Now, we'll differentiate f'(x):

f'"(x) = (4ax^3 + 3bx^2 + 2cx + d)'

f'"(x) = 12ax^2 + 6bx + 2c (1)

But, from enunciation, we know that:

f " (x) = X^2 + X -1 (2)

We'll put (1) = (2):

12ax^2 + 6bx + 2c = X^2 + X -1

We'll put the correspondent coefficients in a relation of equality:

12a = 1

**a = 1/12**

6b = 1

**b = 1/6**

2c = -1

**c = -1/2**

The original function f(x) is:

**f(x) = x^4/12 + x^3/6 - x^2/2 + 5x + 10**

To find the the function for which ,

f " (x) = X^2 + X -1, f ' (0)=5, f (0)=10.

Sinxe f"(x) = x^2+x-1, f'(x) is the integral of f"(x) dx.

Therefore f'(x) = Int (x^2+x-1)dx = x^3+x^2/2 -x +C.

Now we apply the given conditions: f'(0) = 5.
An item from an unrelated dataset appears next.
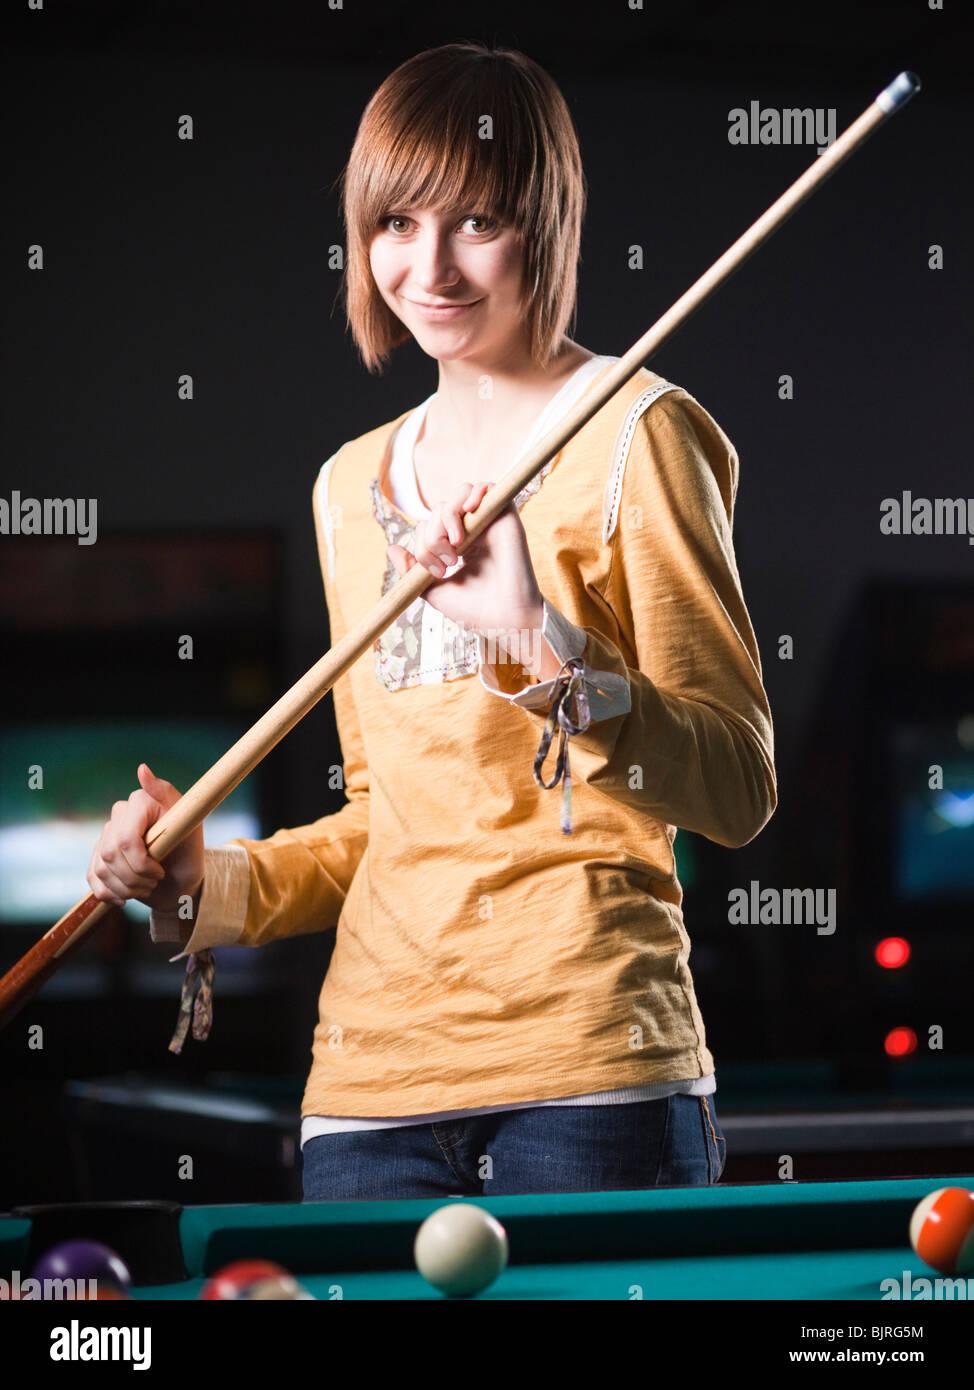 USA, Utah, American Fork, young woman standing behind pool table - Stock Image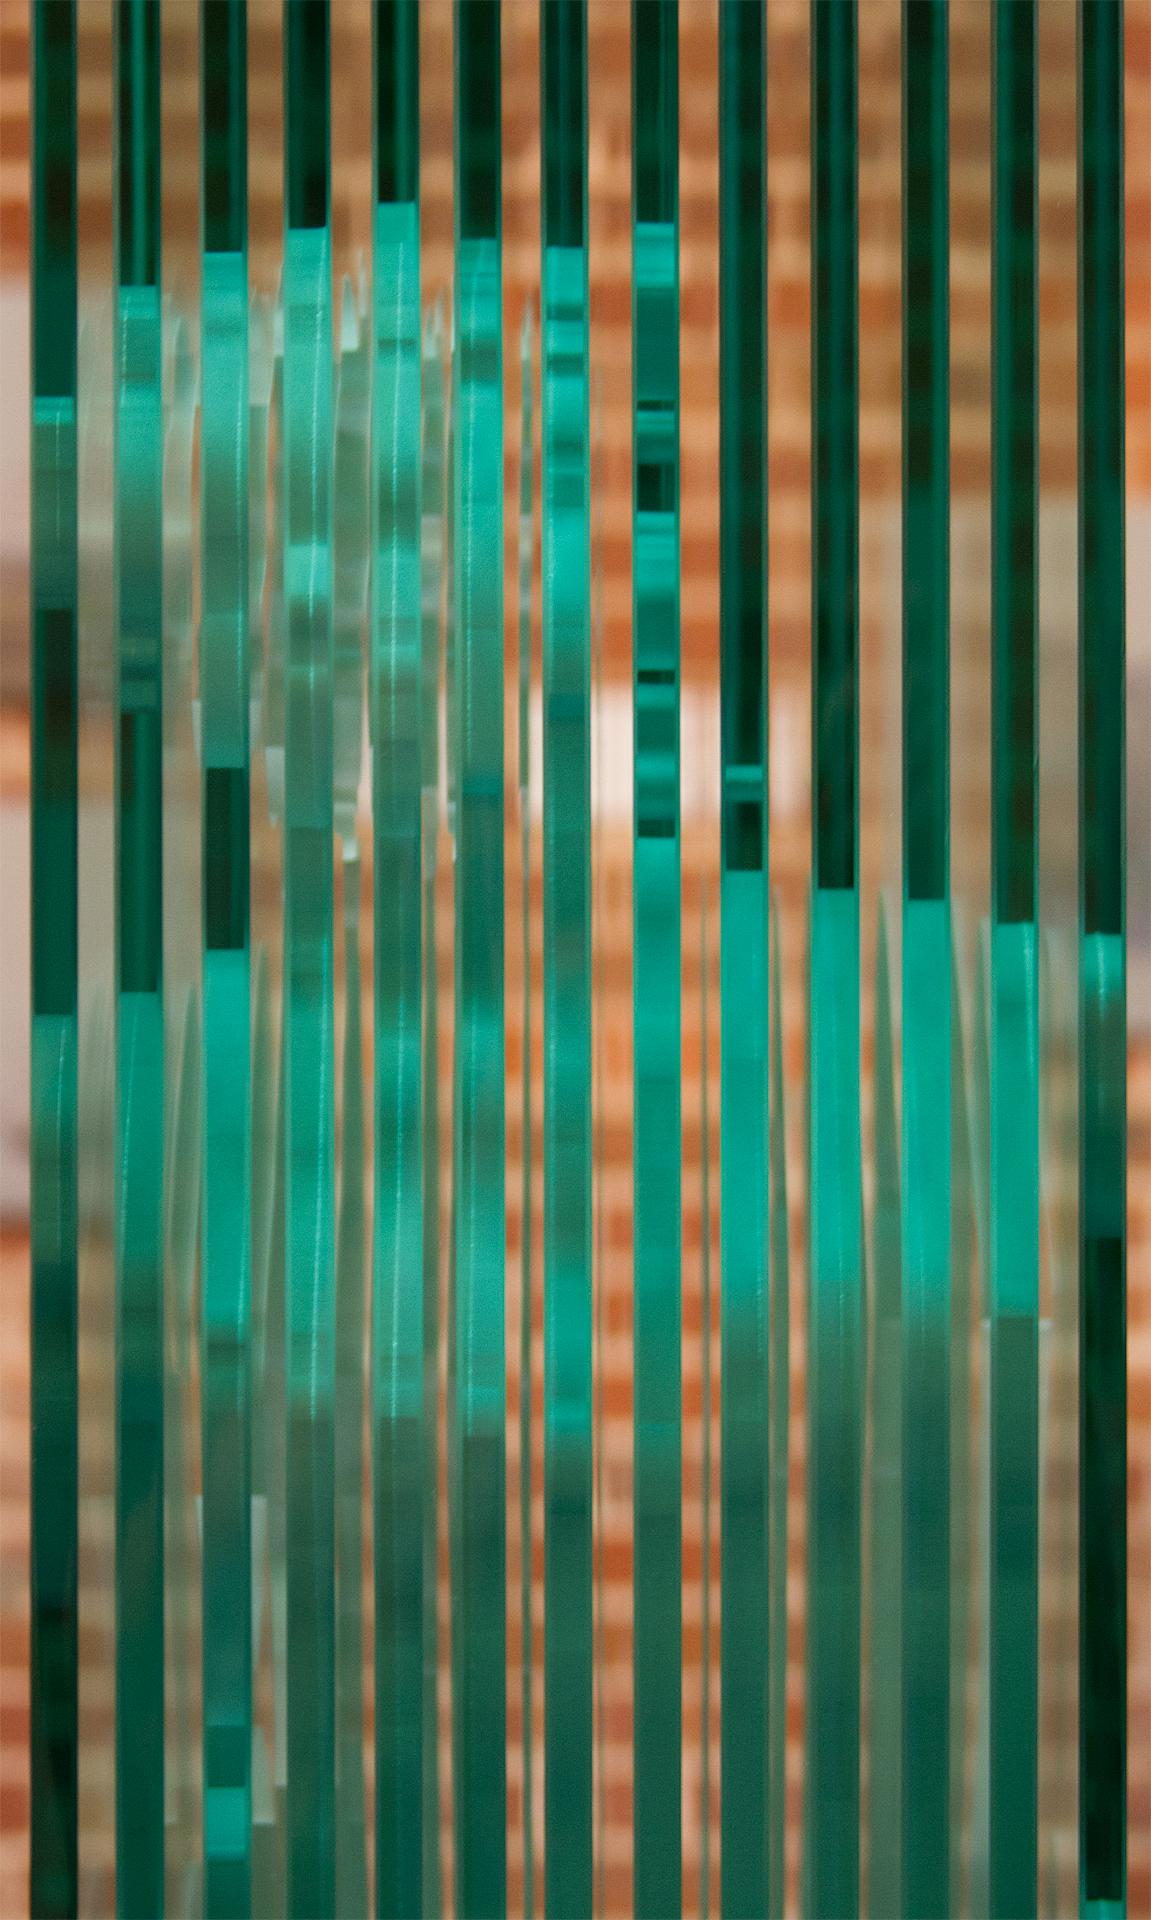 IMG_7562-Siren-Front-Edge-Closeup-x1920.jpg

So f'(0) = 0^3/3+0^2/2 -0 +C = 5.. So C = 5.

Therefore f'(x) = x^3/3+x^2/2 -x+5.

So f(x) = Int f'(x) dx = Int (x^3/3+x^2/2 -x+5) dx = x^4/(4*3) +x^3/(2*3) -x^2/2 +5x + C2

f(x) = x^4/12+x^3/6-x^2/3+5x+C2

But f(0) =10 = 0 + C2. So C2 = 10.

Therefore f(x) = x^4/12+x^3/6-x^2/3+5x +10.